- Neal Mohan became YouTube's new chief earlier this year.
- With NFL Sunday Ticket, Mohan is betting YouTube can transform how people watch TV.
- The video streamer will zero in on making content creation even easier in 2024.
Neal Mohan was standing center stage at the Lincoln Center's David Geffen Hall in New York this May when it sank in that YouTube had transformed the way we watch TV.
Dressed in a dark-gray suit and a white shirt without a tie, he beamed as he looked out to an audience of hundreds of familiar faces.
Mohan had recently been appointed chief executive of YouTube, a company that was once his client, long before Google bought it. In the mid-2000s, when Mohan was leading strategy for the adtech company DoubleClick, he'd often visit the video startup at its tiny office above a pizza parlor in downtown San Mateo, California. Even then, the company was growing like a weed.
"They would always talk to me about, 'Hey, can you make sure the DoubleClick systems keep up? We're going to start monetizing through ads, but look at all this viewer growth we're experiencing,'" Mohan told Business Insider.
Mohan had something of a Midas touch. Google acquired DoubleClick for $3.1 billion in 2007; it became a linchpin for the company's now $224 billion advertising business. And YouTube, which became part of Google in 2006, isn't just the internet's go-to for videos — it's dominating the living room, too.
Mohan's audience at YouTube's annual Brandcast event last May represented all the constituents that had helped it get there: colleagues, creators, advertisers, and media partners. Mohan used Brandcast — YouTube's version of TV upfronts, where networks showcase their upcoming programming to advertisers — to tout that YouTube had become the No. 1 streaming platform on TV screens in the US.

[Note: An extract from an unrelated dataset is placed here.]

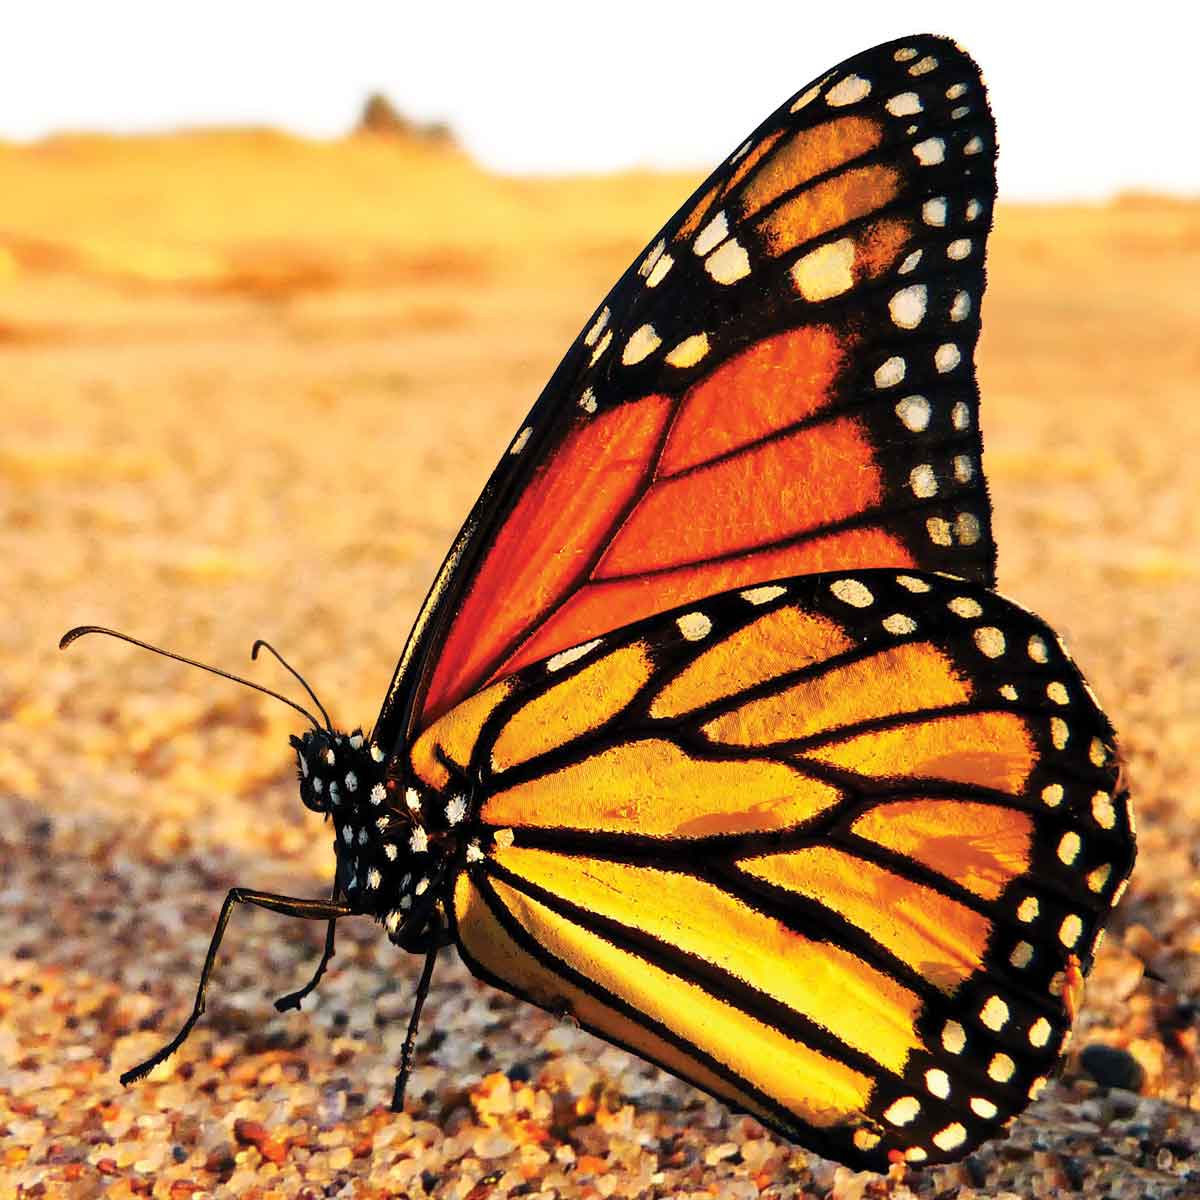 Viewpoint: Climate change, pesticides endanger monarch butterfly populations

"It was really that moment in time where I felt like the conversation had shifted," Mohan said. "It was not about what is this digital upstart coming to the television upfronts? It was like, oh wow, YouTube is the anchor of this conversation."
NFL Sunday Ticket is transforming TV watching
It's been a year of milestones for YouTube, crowned by the launch of its partnership with the NFL to exclusively broadcast Sunday Ticket football. Mohan described Sunday Ticket as another example of how YouTube is transforming how people watch TV.

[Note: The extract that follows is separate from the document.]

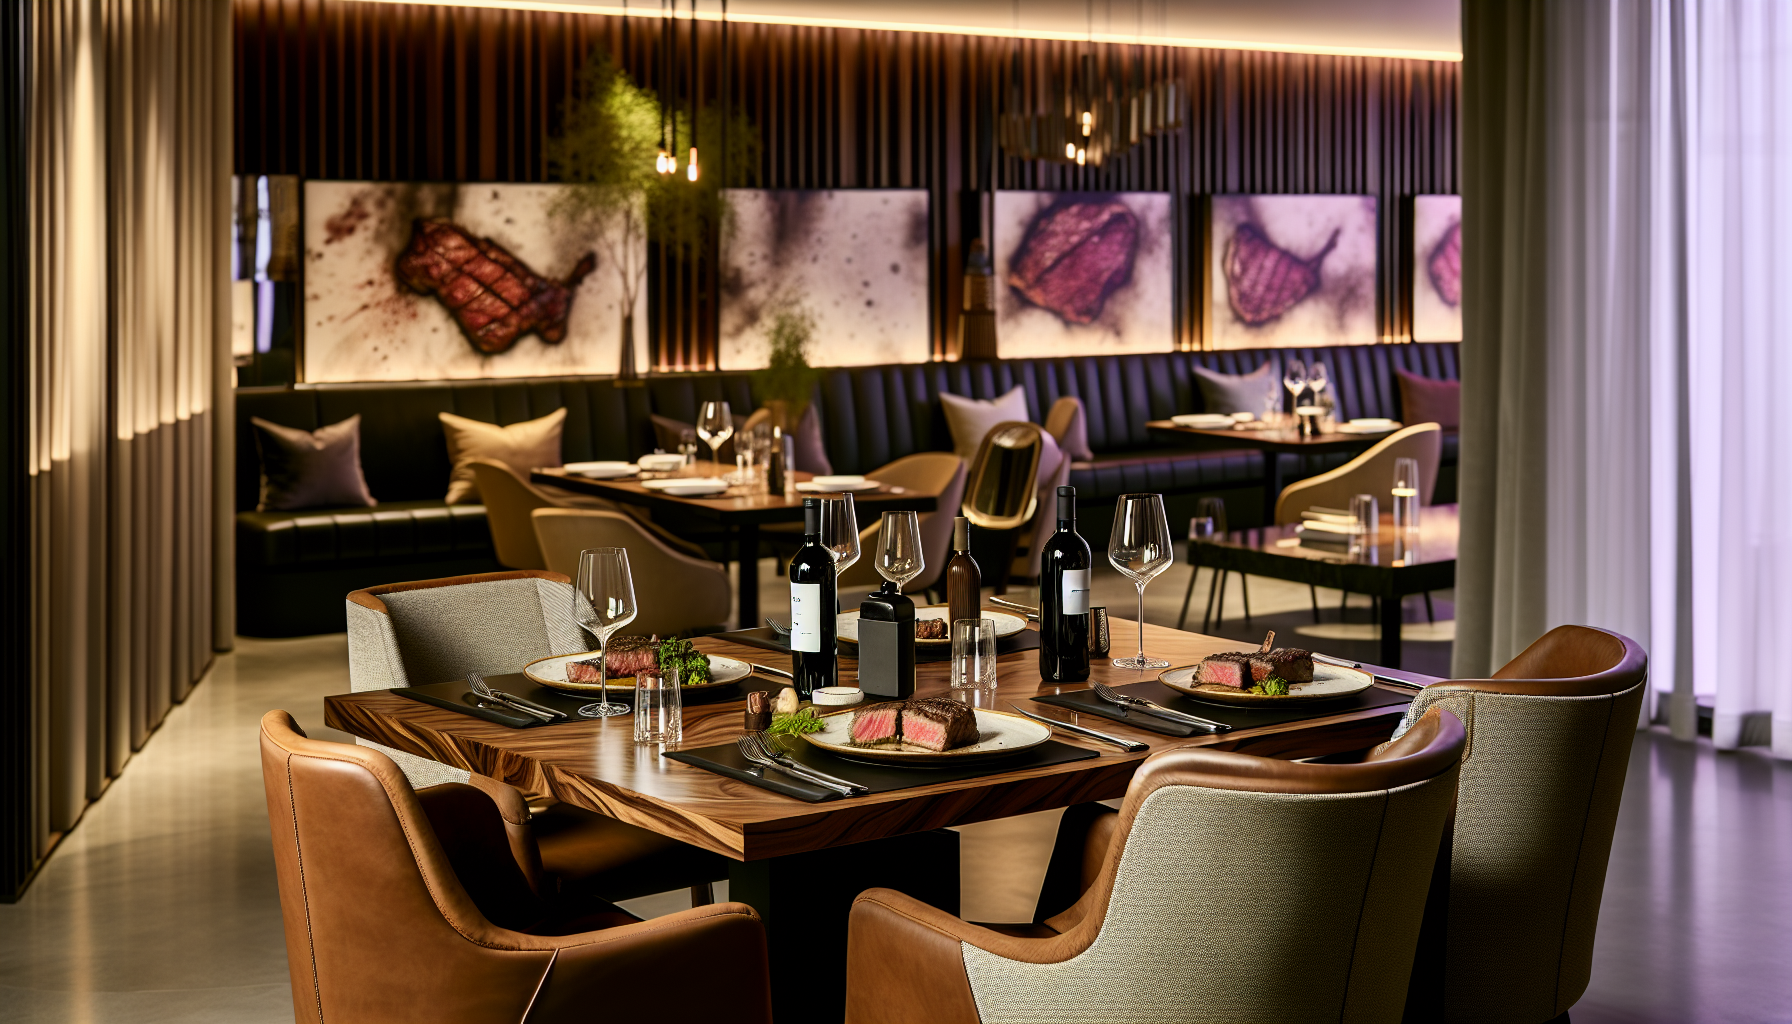 Luxurious dining experience at Steak 954

He recalled the minutes after he came offstage with the popular science YouTube creator Mark Rober at the NFL owners' meeting earlier this year. Rober was swarmed by the owners' children and grandchildren, who were clamoring for autographs and selfies with the YouTuber. In Mohan's mind, the moment encapsulated YouTube's ability to integrate live sports with its creators and their audiences.
"When a young person turns on the TV, they're not making a distinction between what is creator-generated, what is traditional-media-generated, what's linear, what's live — everything from a four-hour live NFL game to a 42-second short and everything in between is what they expect to watch on the living-room screen," Mohan said.

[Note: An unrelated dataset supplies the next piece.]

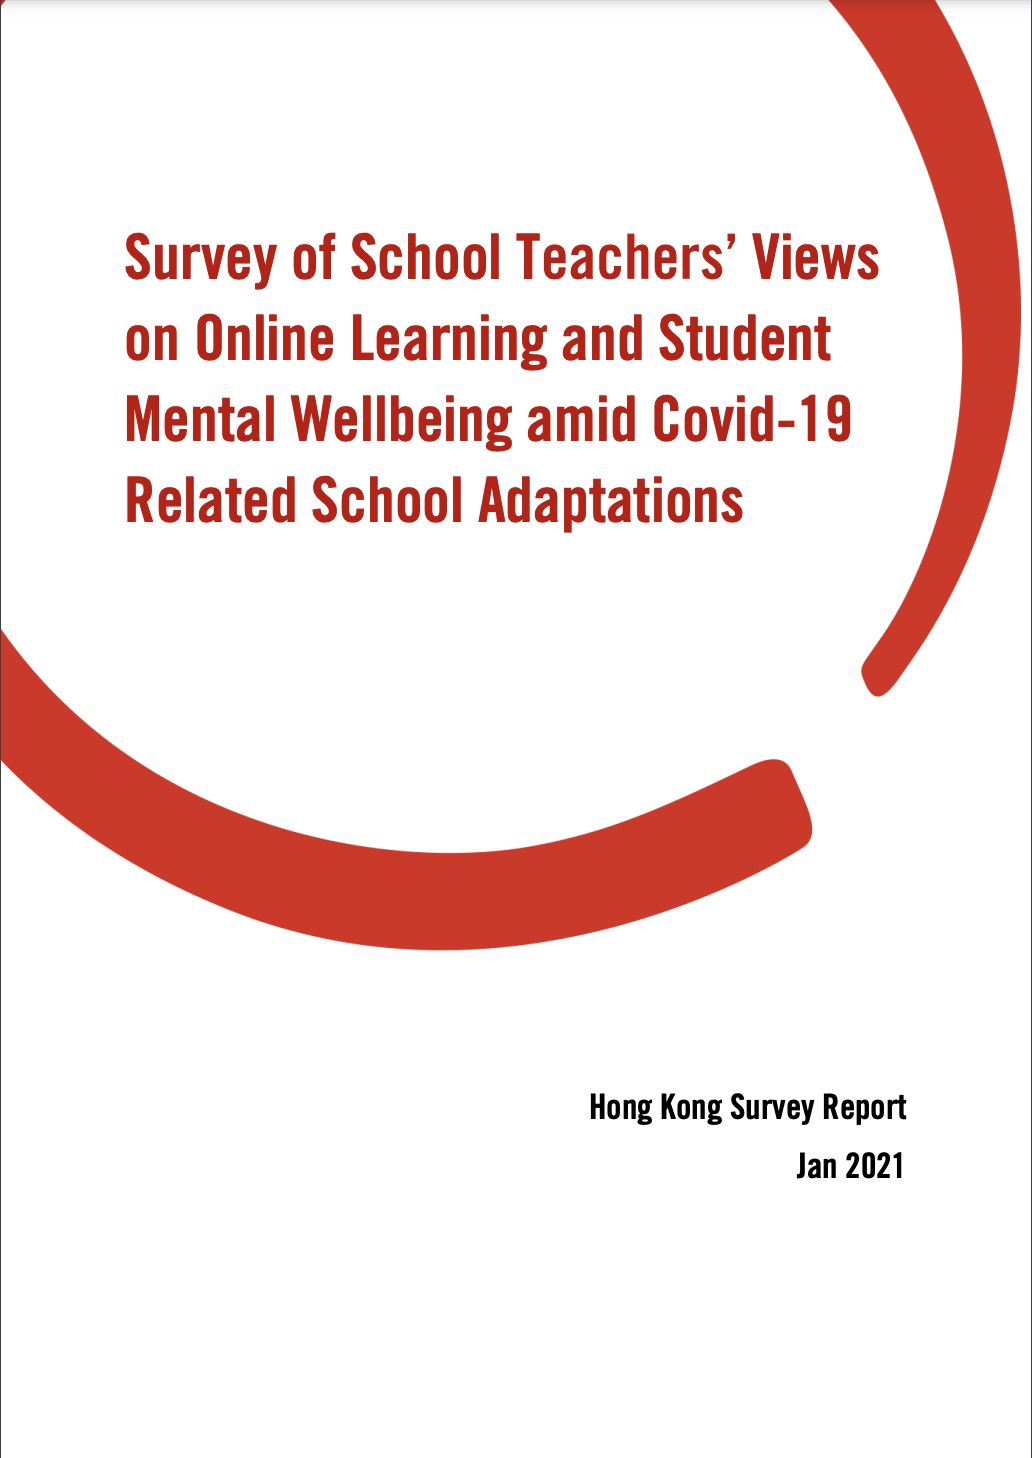 Survey of School Teachers’ Views on Online Learning and Student Mental Wellbeing amid Covid-19 Related School Adaptations（只提供英文版）

To its credit, he added, the NFL saw that as well. "They saw that they wanted to reach the younger fan," Mohan said. "The place to do that was YouTube."
The NFL said in September that YouTube's Sunday Ticket package already had more subscribers than it did last year on DirecTV, its former home of more than 20 years.
AI-powered content creation
As YouTube has evolved, viewers have become less passive than the couch potatoes of old. In a survey conducted by YouTube and Ipsos in May 2022, 85% of Gen Z respondents said they'd posted a video online. TikTok may have led the short-form vertical-video trend, but YouTube was quick out of the gate with Shorts. This fall, YouTube said Shorts averaged 70 billion views daily and had reached 2 billion logged-in users monthly.
Looking to 2024, Mohan is betting that newly released tools like Dream Screen, which lets creators add AI-generated backgrounds to Shorts, and its YouTube Create mobile production app, will encourage more content creation.
"This is where our investment in AI is going to come in, using AI to harness and to enable human creativity," Mohan said. "That's a really big part of our vision."